I once asked Walker about his christian name. He took a while to answer. ‘Well?’ I said. ‘You wouldn’t like it,’ he said. After that I always called him Walker and he called me Millie because my name was Ann Miller. He could have called me Miller, of course, but Walker wasn’t that kind of man. He liked a woman to look up to him. The truth is I’m a sucker for broken tough guys. I have a decent and reliable husband but Jim is anything but tough and the way he lives his life he ain’t even bruised. Walker and me became friends, and how it was at home there were no objections from Jim. I liked to spend a lot of time at the Lake, and Jim knew it. Walker liked to fish and after we met he liked to talk. That was what we did, just talked.
Walker arrived in Bridgeport around 1970. The Kid had come back home a couple of years before. Calling him The Kid has something to do with him not being able to hear or speak. But The Kid came back to Bridgeport as a man and a different man from what we expected. The Kid that left Bridgeport had a sweet smile. The man that returned was still friendly but you mentioned Marney or what he’d been up to down in Los Angeles and a scowl would soon appear on his face. I didn’t think The Kid had it in him but he must have had bad memories. I said all this to Walker one time. ‘We all have bad memories,’ said Walker. And then he said something that surprised me. Walker wished he could remember more. He wasn’t talking about forgetting things but not seeing the full picture, like imagining rooms without the furniture. ‘Too many memories are like dreams,’ said Walker.

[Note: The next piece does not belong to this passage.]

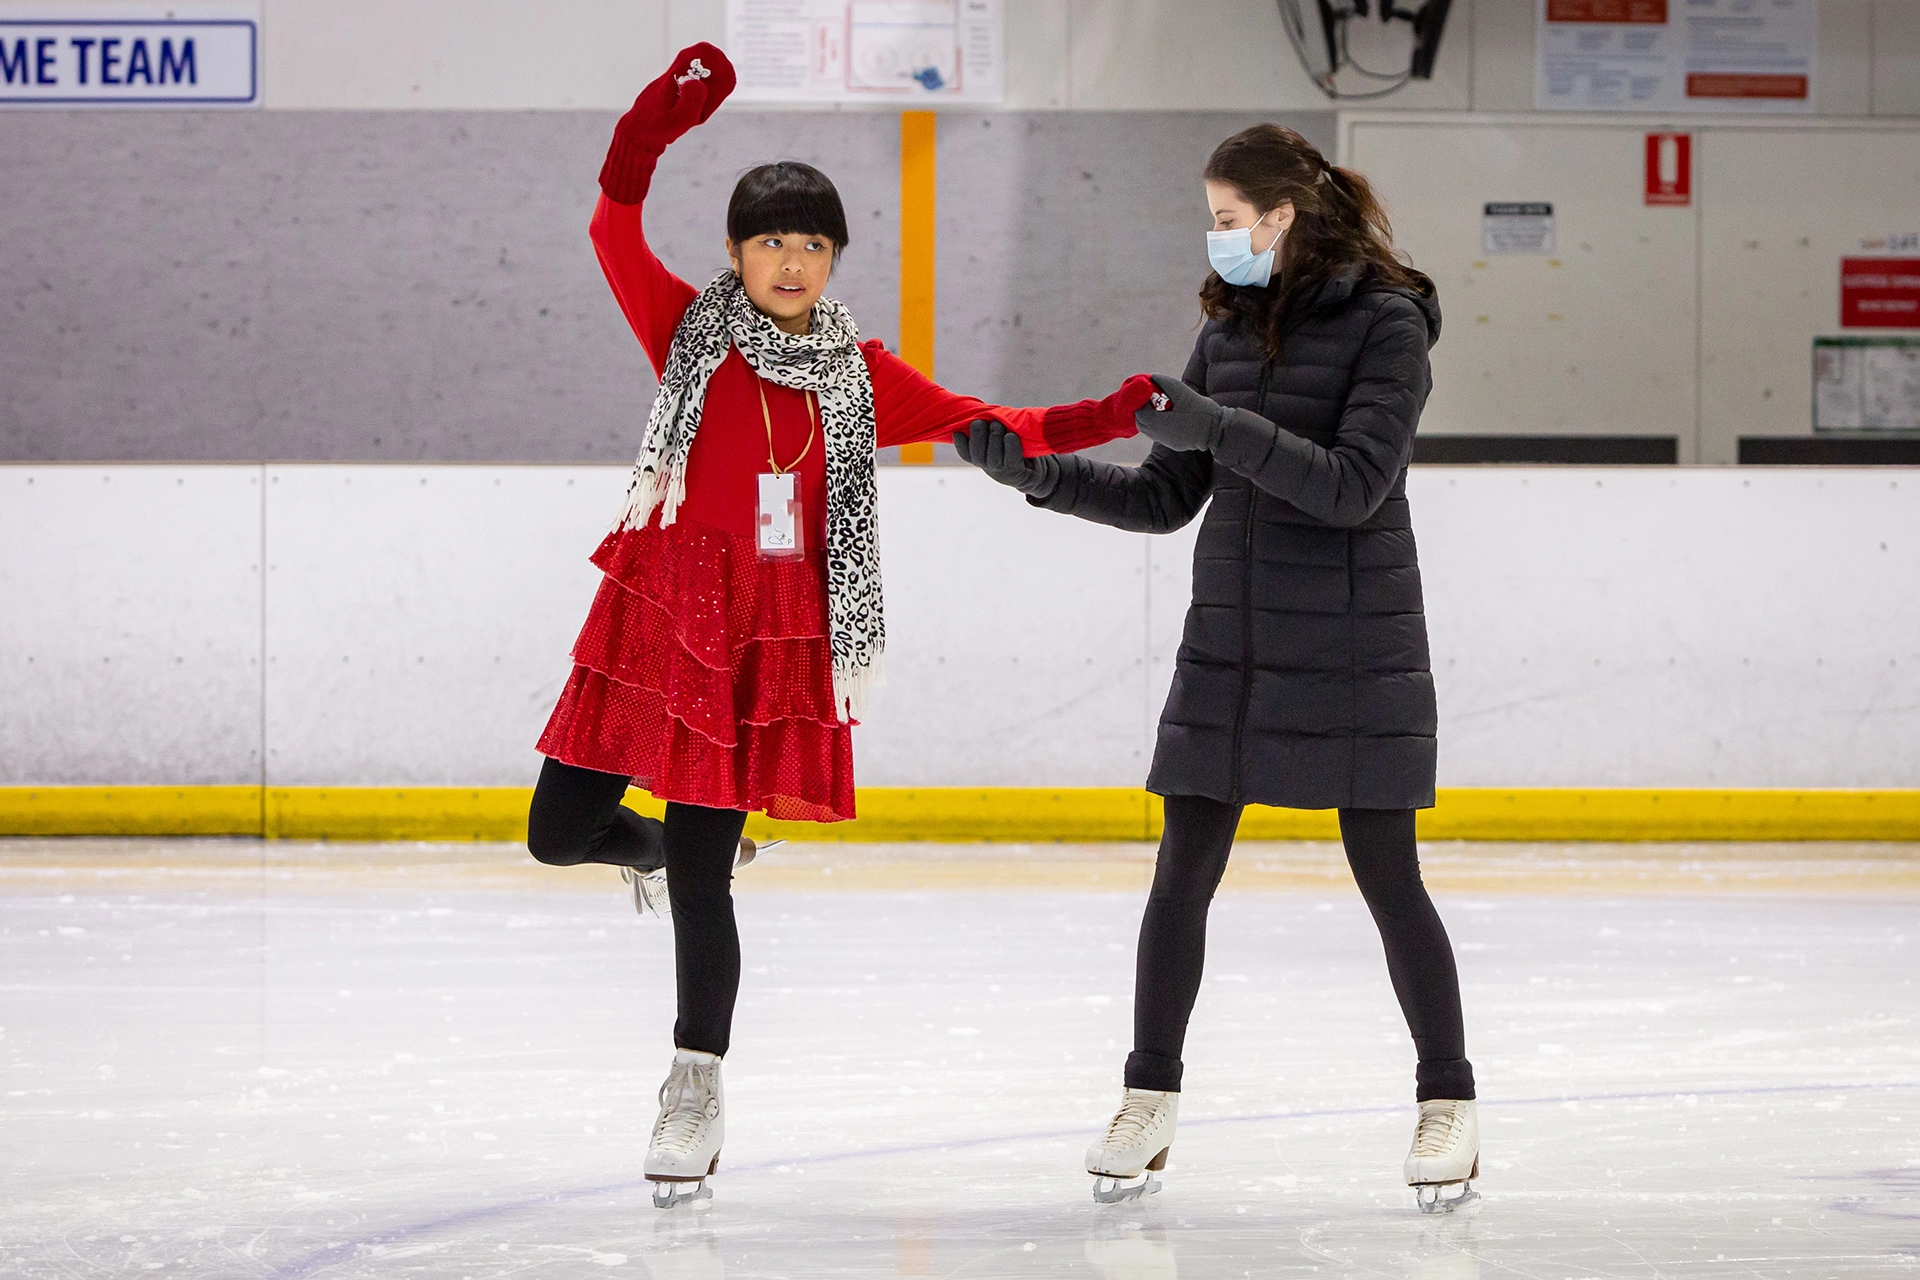 Two girls are skating on an ice rink with masks on.

When The Kid came home he bought back the garage he’d sold to pay for him and Marney to go and live in LA. But before all that The Kid had worked in the garage with Jeff Markham. Second time around The Kid gave Walker a kind of job. Walker pumped petrol some days and did odd things around the place. At the lake where we met, Walker fished and chopped trees. By the time Walker appeared in Bridgeport we had a restaurant and not just the coffee shop Marney had left behind. The tourists have increased over the years but most of them just pass through. Walker lived pretty well. He sold firewood and fish to the people in the town. Saturdays he would put a stall by the side of the highway. I would buy him a pack of cigarettes a couple of times a week.
I reckon I know just about everything about Walker. We talked a lot out there by the lake and we shared secrets. Walker knew about me and Jeff Markham which was why he felt he could tell me everything. Walker only robbed the payroll in Alcatraz because he had a friend that was in trouble. ‘Everybody thinks you’re a vicious criminal,’ I said. ‘They’ve heard awful tales.’ Walker just grinned. ‘Most of that stuff is about this hoodlum called Parker,’ said Walker. ‘They confuse the names. Millie, believe me, I just did this one job in Alcatraz. It was a favour to my buddy, Mal. I thought he was my friend.’ Walker stopped talking and stared at the lake for God knows how long. I remember that so well. ‘And?’ I said. ‘Mal tried to kill me. I thought he was my friend but he wasn’t. I thought my wife loved me but she didn’t.’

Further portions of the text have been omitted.